Sam Schulz nie był zadowolony ze swojego wystąpienia – „wyszedłem z tego wieczoru trochę przybity świetnymi przemówieniami dyskutantów i z niesmakiem do mojego odczytu”, zwierzał się Romanie Halpern12. Z lokalu ZZLP wychodzi przed zakończeniem dyskusji, gdyż czuje się przytłoczony liczbą osób chcących z nim rozmawiać i polemizować13. Za odczyt otrzymuje wynagrodzenie w wysokości 50 złotych14 mimo zastrzeżeń Wandy Melcer15 co do niewystarczającej długości wygłoszonego referatu16. Dyskusja rozpoczęta odczytem o Ferdydurke przenosi się na łamy czasopism, gdzie pojawiają się liczne relacje i komentarze.
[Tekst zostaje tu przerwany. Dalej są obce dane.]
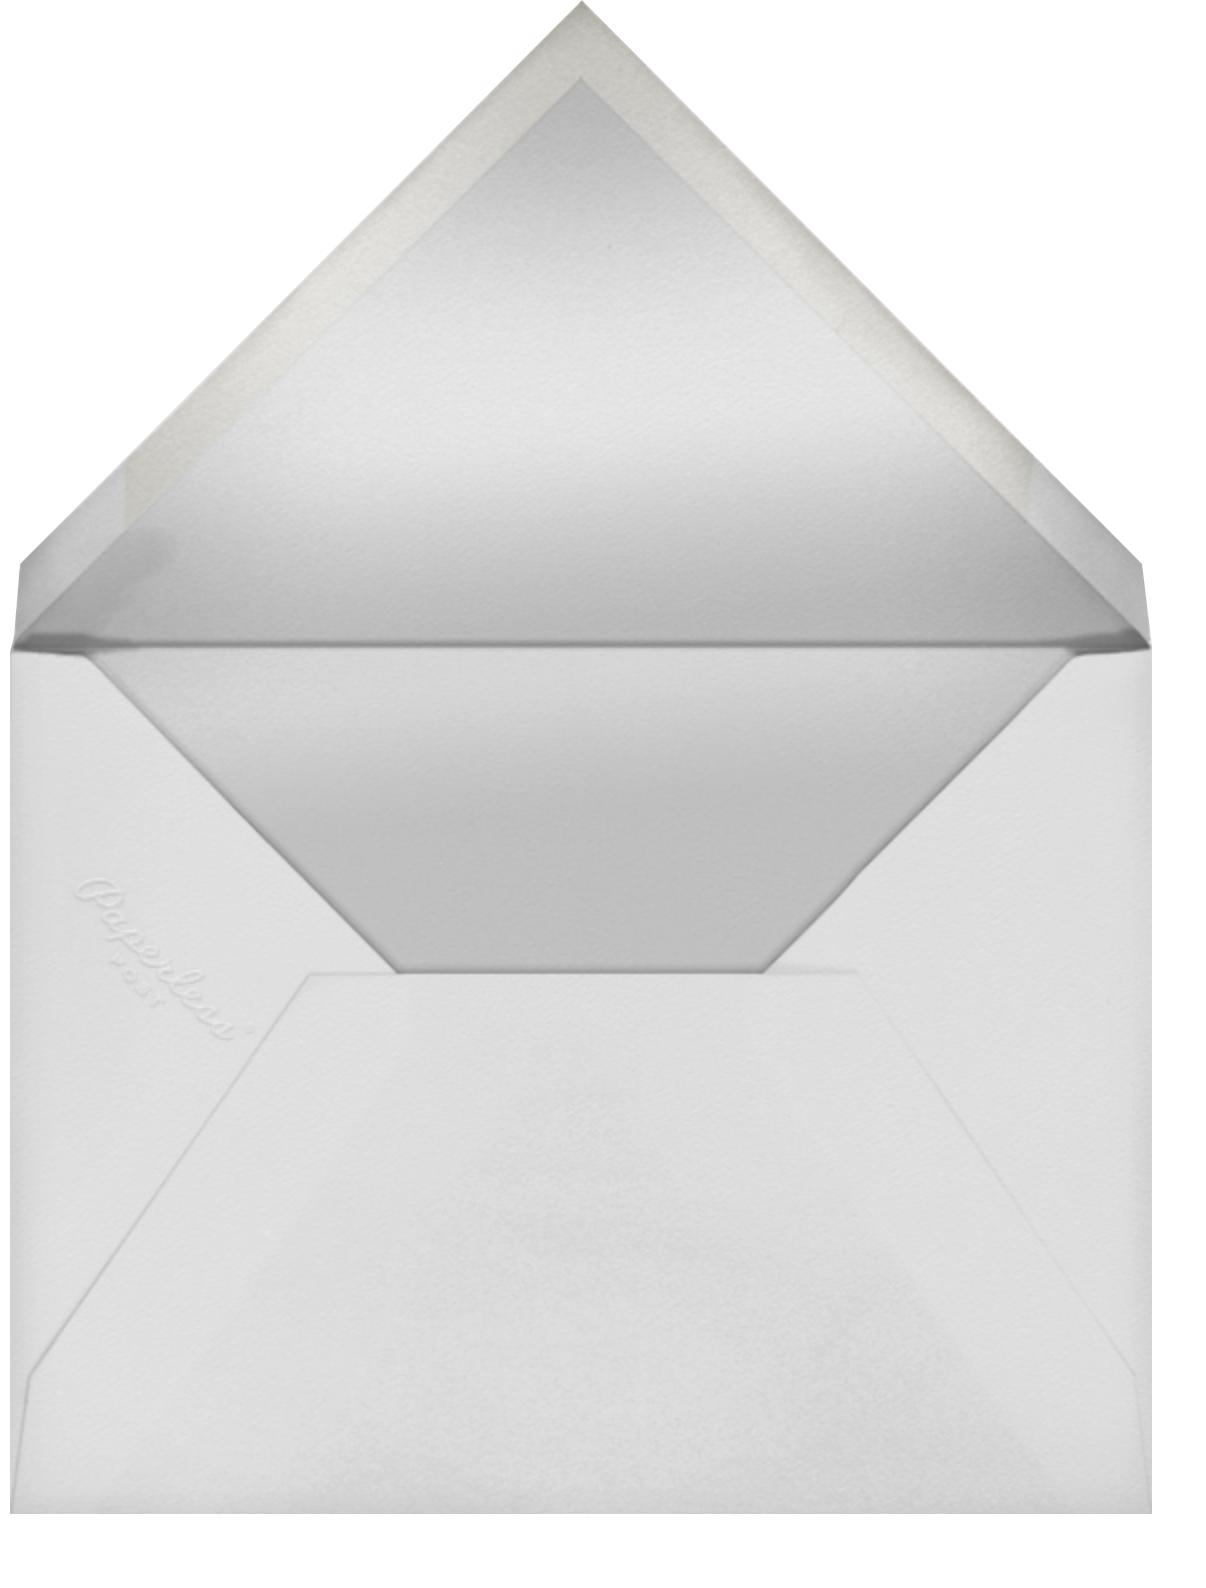 Flamingo Lagoon (Menu) - Yellow - Rifle Paper Co. - Menus - envelope back

Jeszcze pod koniec stycznia Stanisław Piasecki nazwie entuzjazm Schulza objawem psychozy17.
Tekst referatu wygłoszonego przez Schulza zostanie opublikowany w lipcu 1938 roku w czasopiśmie „Skamander”18.
Zobacz też: pierwsza połowa listopada 1937, 12 stycznia 1938, 16 stycznia 1938*, 18 stycznia 1938, 19 stycznia 1938*, 20 stycznia 1938*, 23 stycznia 1938*, 31 stycznia 1938. (ts)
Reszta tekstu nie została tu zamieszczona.